Otro texto de Kevin E. Schmiesing del Acton Institute. El tema tratado por el autor es la relación entre la maternidad y el medio ambiente, estableciendo dos visiones muy distintas.

“Madre tierra”. El nombre popular dado a nuestro planeta es atractivo porque percibimos que el aire, el suelo y el agua exhiben muchas de las características que asociamos con la maternidad: fertilidad, crianza, vida.

No obstante esa asociación semántica, parece existir alguna tensión en estos días entre mucho del movimiento ambiental y la real maternidad humana. Más exactamente, se denuncia que los hijos son el problema, lo que necesariamente llega también hasta la maternidad.

El tema central es el entendimiento básico del mandato ambiental y del papel de los humanos en él. El traslape entre grandes segmentos del ambientalismo radical y el cabildeo para el control poblacional ha sido de mucho tiempo y es muy conocido. Lo que sorprende, sin embargo, es la consistencia de ese traslape ante la dramática nueva situación de la demografía mundial.

Incluso, ante el creciente número de naciones que se añaden a la lista de las que enfrentan crisis de población —del tipo bajo más que del tipo sobre— algunos ambientalistas mantienen su insistencia al sostener aún que los logros del control poblacional no han sido suficientes.

Un nuevo reporte de la organización británica Optimum Population Trust (OPT), señala las consecuencias ambientales de la fecundidad y llama a los padres a procrear con responsabilidad. “El efecto en el planeta de tener un hijo menos es de un orden de magnitud mayor que que el de todas esas cosas que podemos hacer, como apagar las luces”, dice John Guillebaud de OPT, profesor emérito de planeación familiar en la University College London.

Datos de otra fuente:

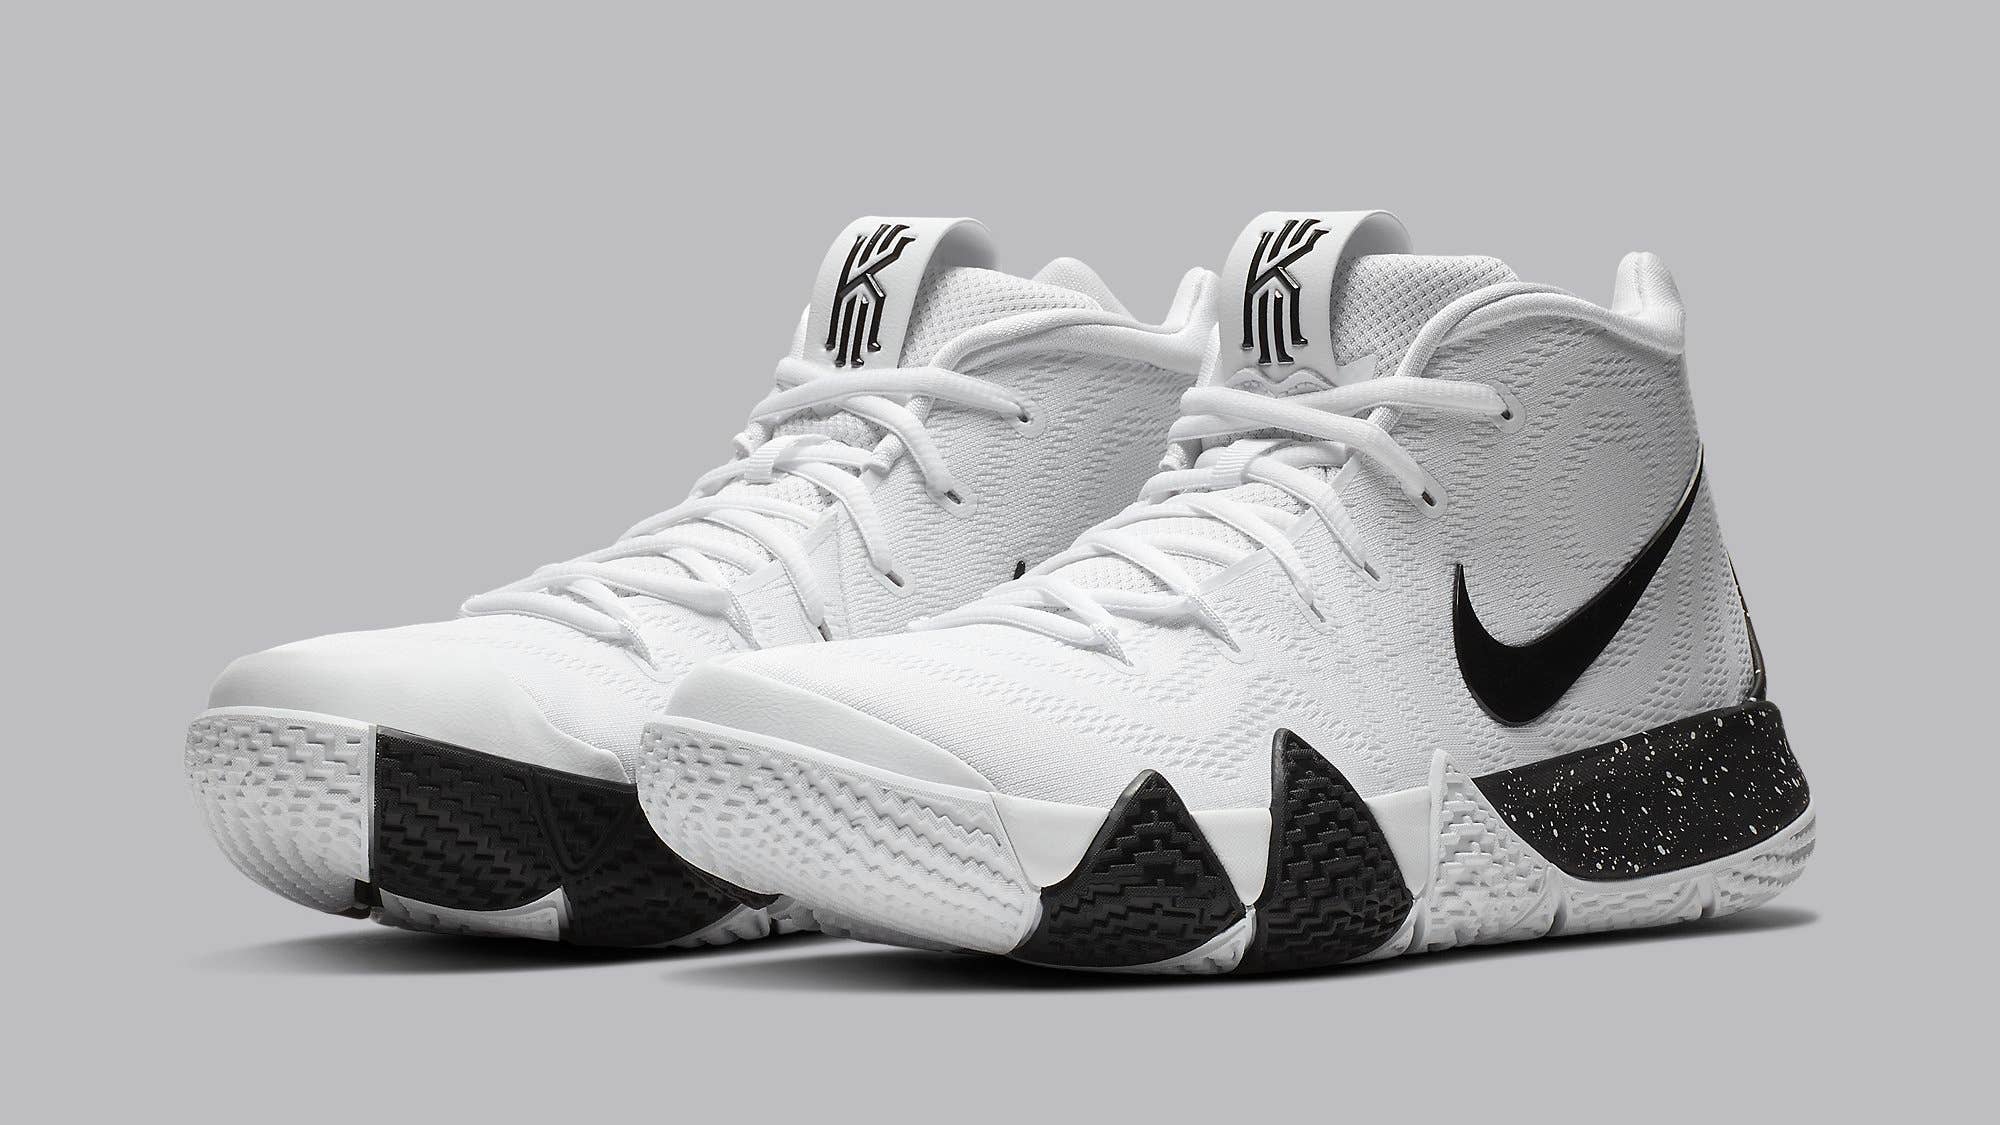 Nike Kyrie 4 White Black Release Date AV2296 100 Pair

Paul Watson, presidente y fundador de la Sea Shepherd Conservation Society, hace un llamado para una masiva disminución de la población mundial a mil millones, con ninguna ciudad pasando de los 20,000 residentes. “Necesitamos vastas áreas del planeta donde los humanos no viven y donde otras especie sean libres para evolucionar sin la interferencia humana”, ha afirmado.

Para estas personas, es claro, que las madres son el enemigo.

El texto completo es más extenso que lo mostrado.